[TO DO] Could the data below be copied exactly, minus the pictures?

[INFORMATION PROVIDED]
_ _ _

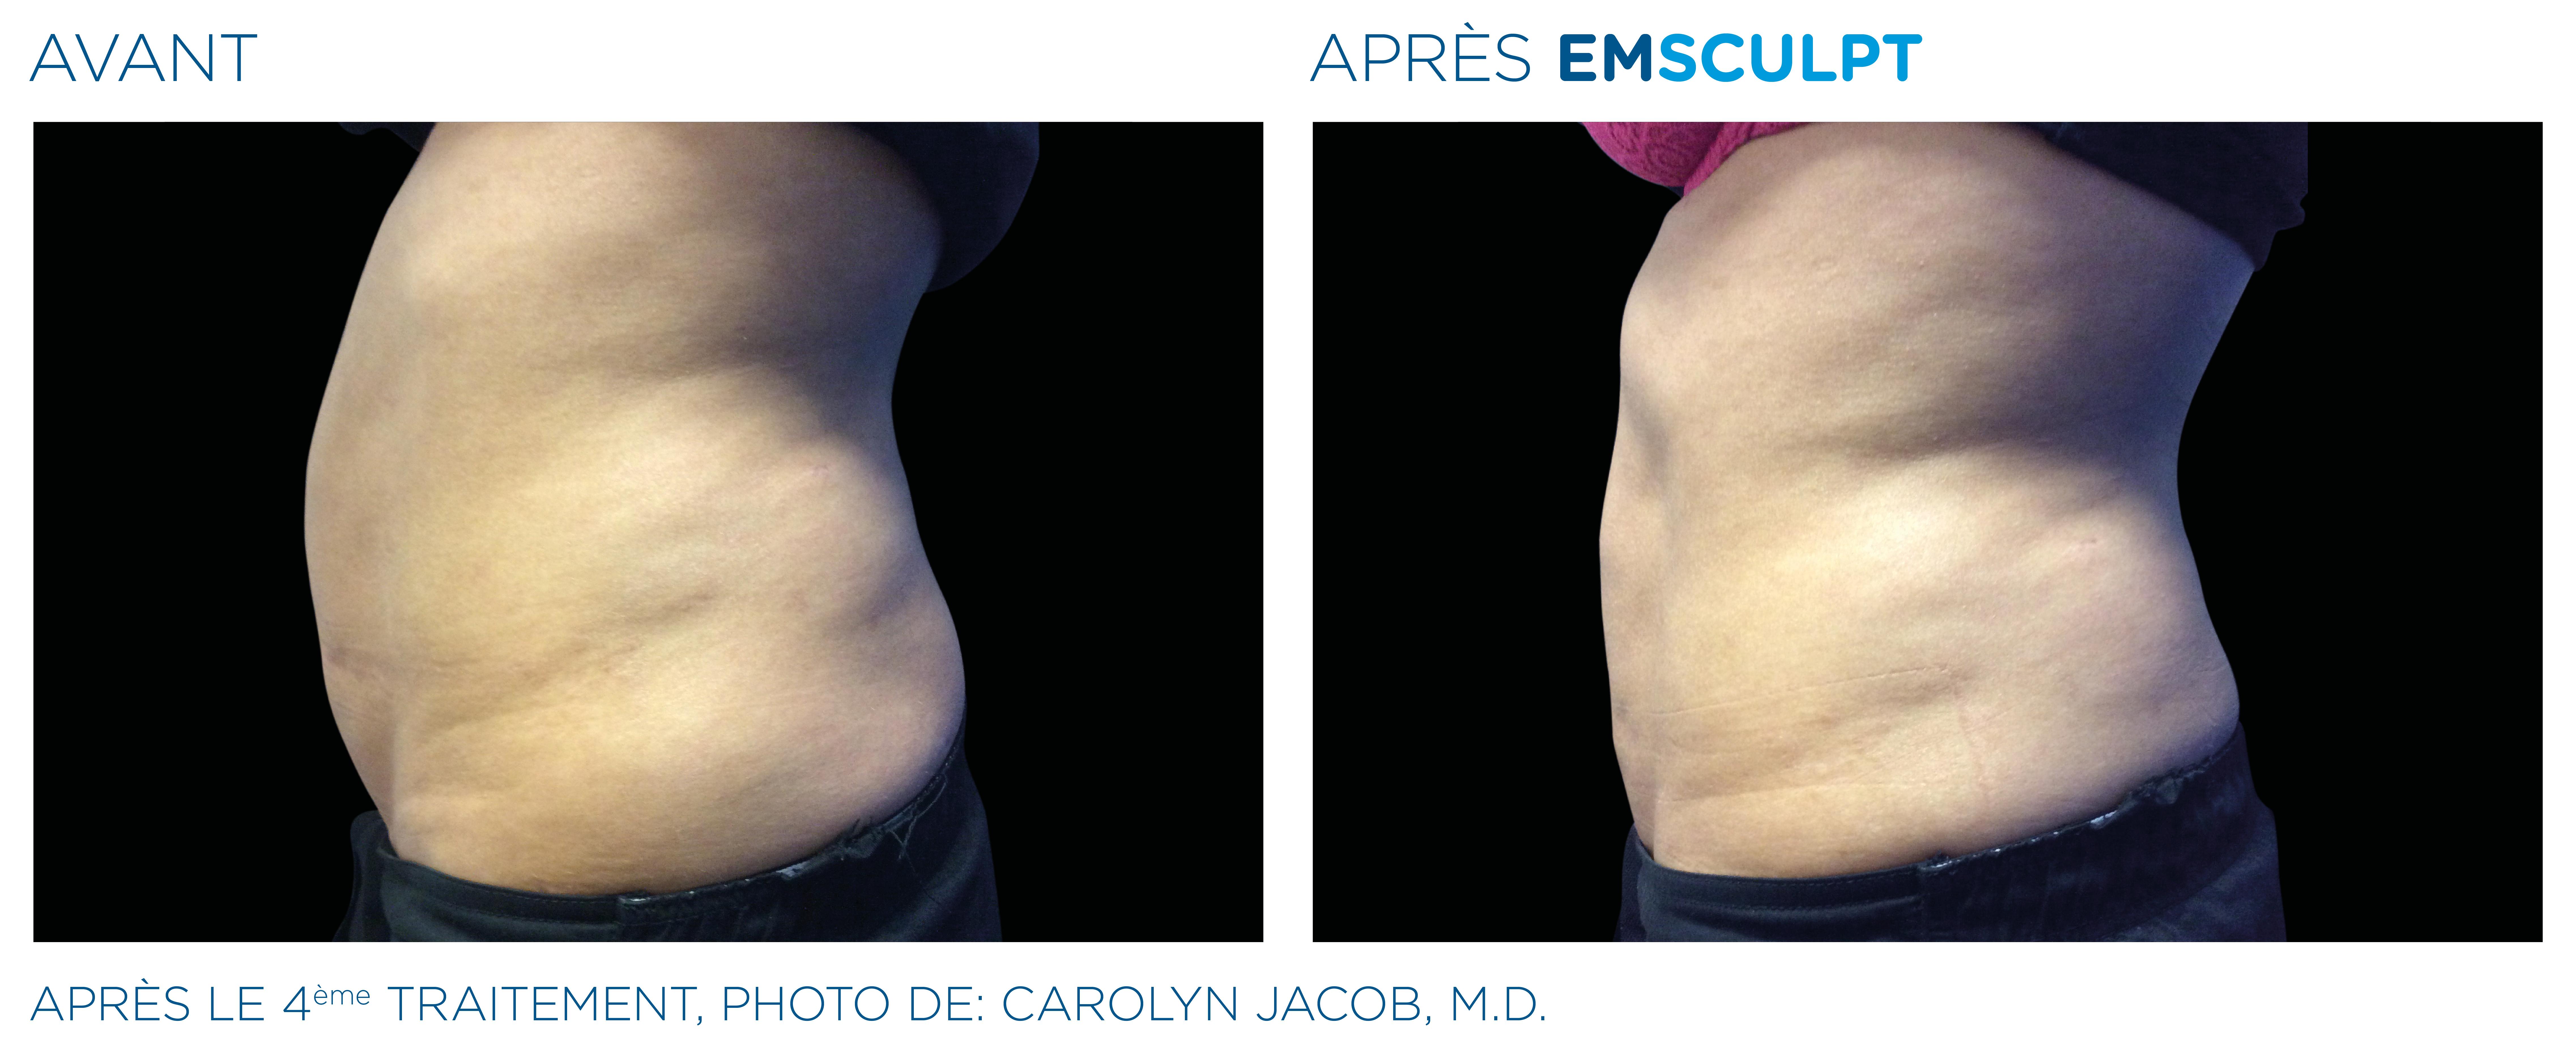 Emsculpt_PIC_Ba-card-female-abdomen-006_FR100
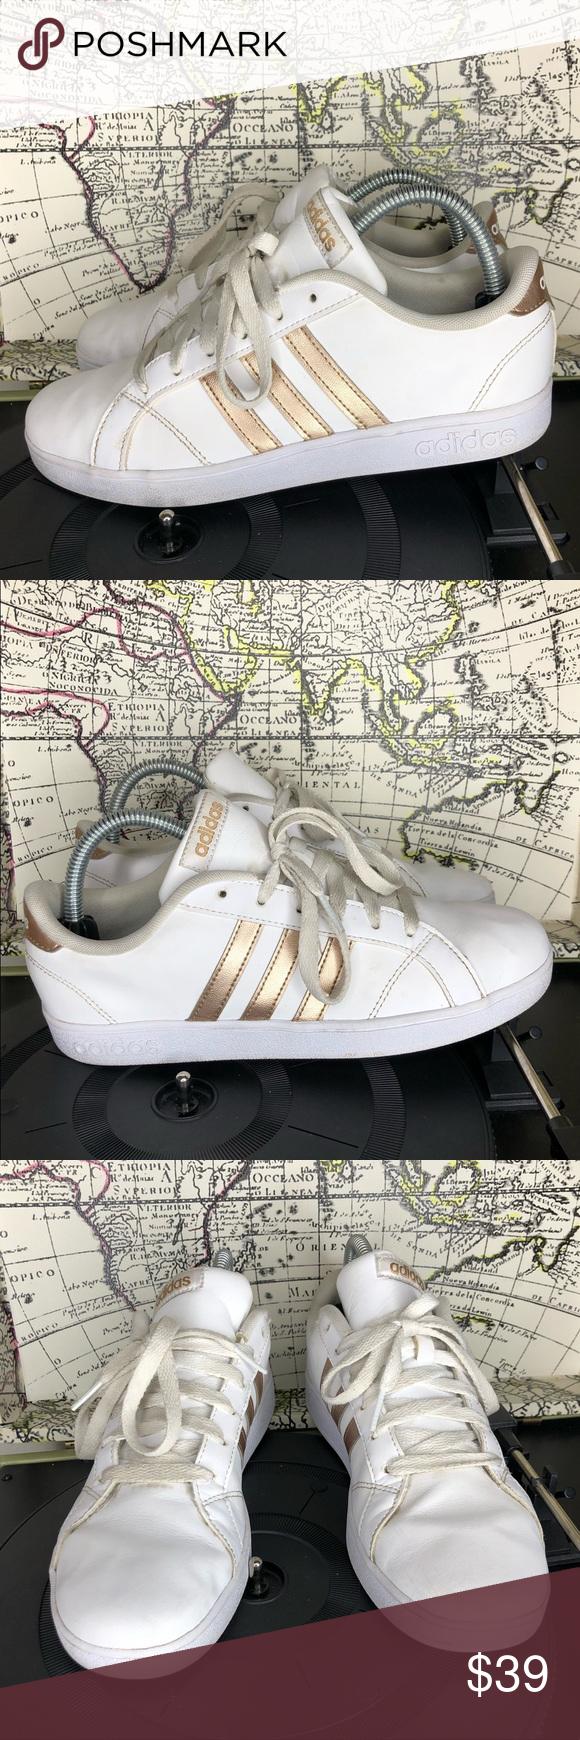 Adidas baseline, Rose gold tennis shoes
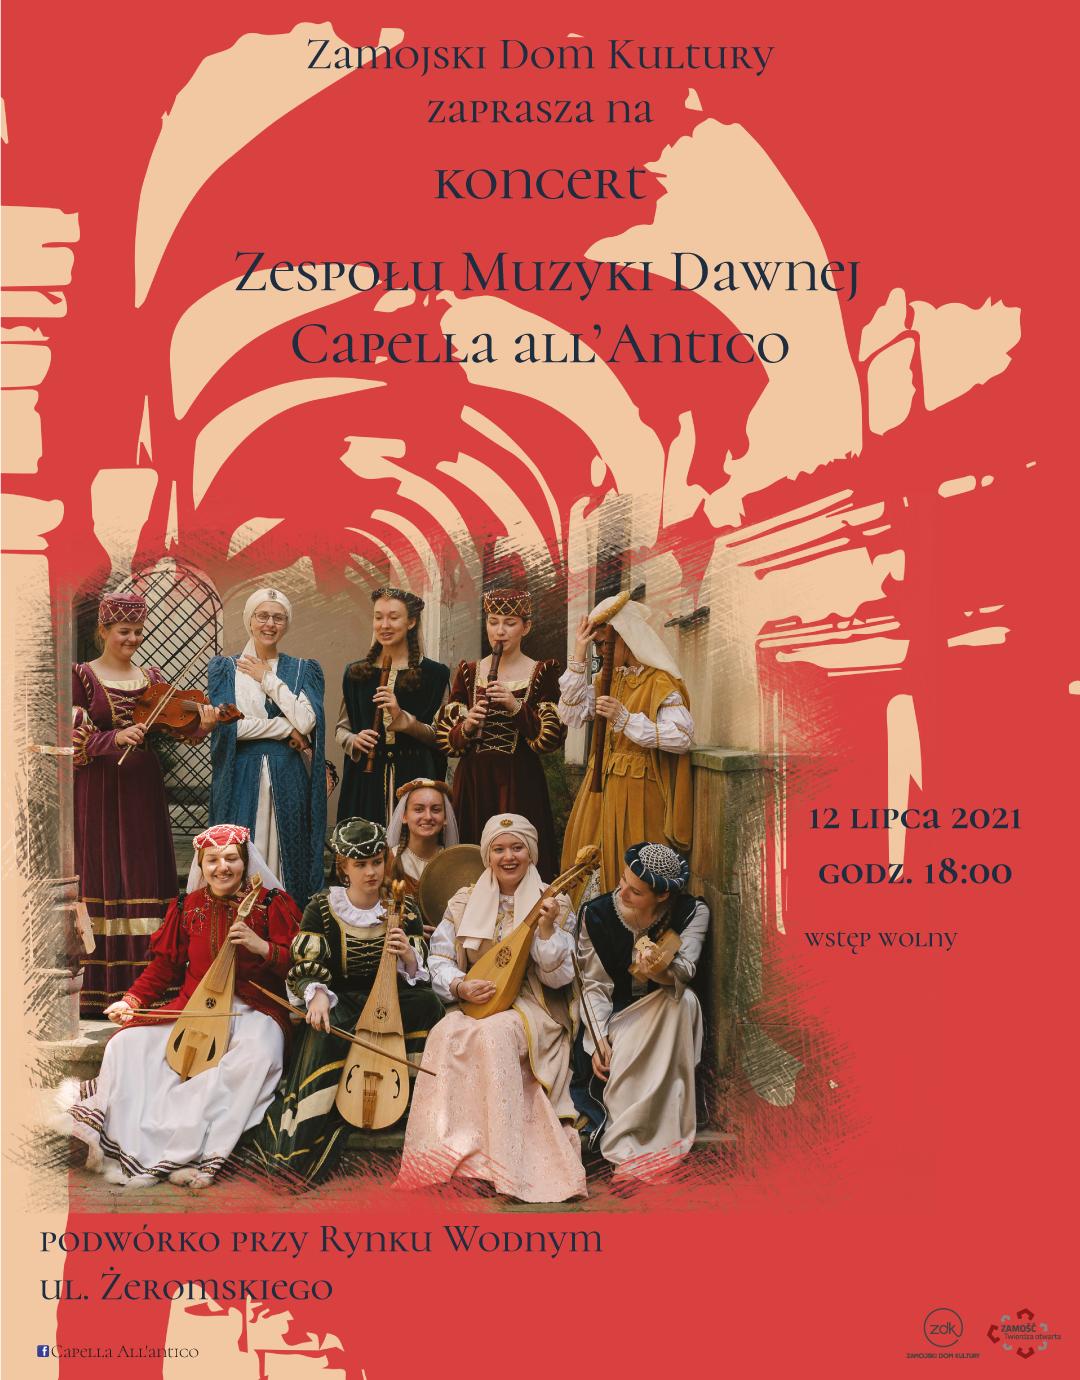 insta post capella 1 Koncert Capella all' Antico już dzisiaj

_ _ _

[TASK RESULT]
 Emsculpt_PIC_Ba-card-female-abdomen-006_FR100
 Adidas baseline, Rose gold tennis shoes
 insta post capella 1 Koncert Capella all' Antico już dzisiaj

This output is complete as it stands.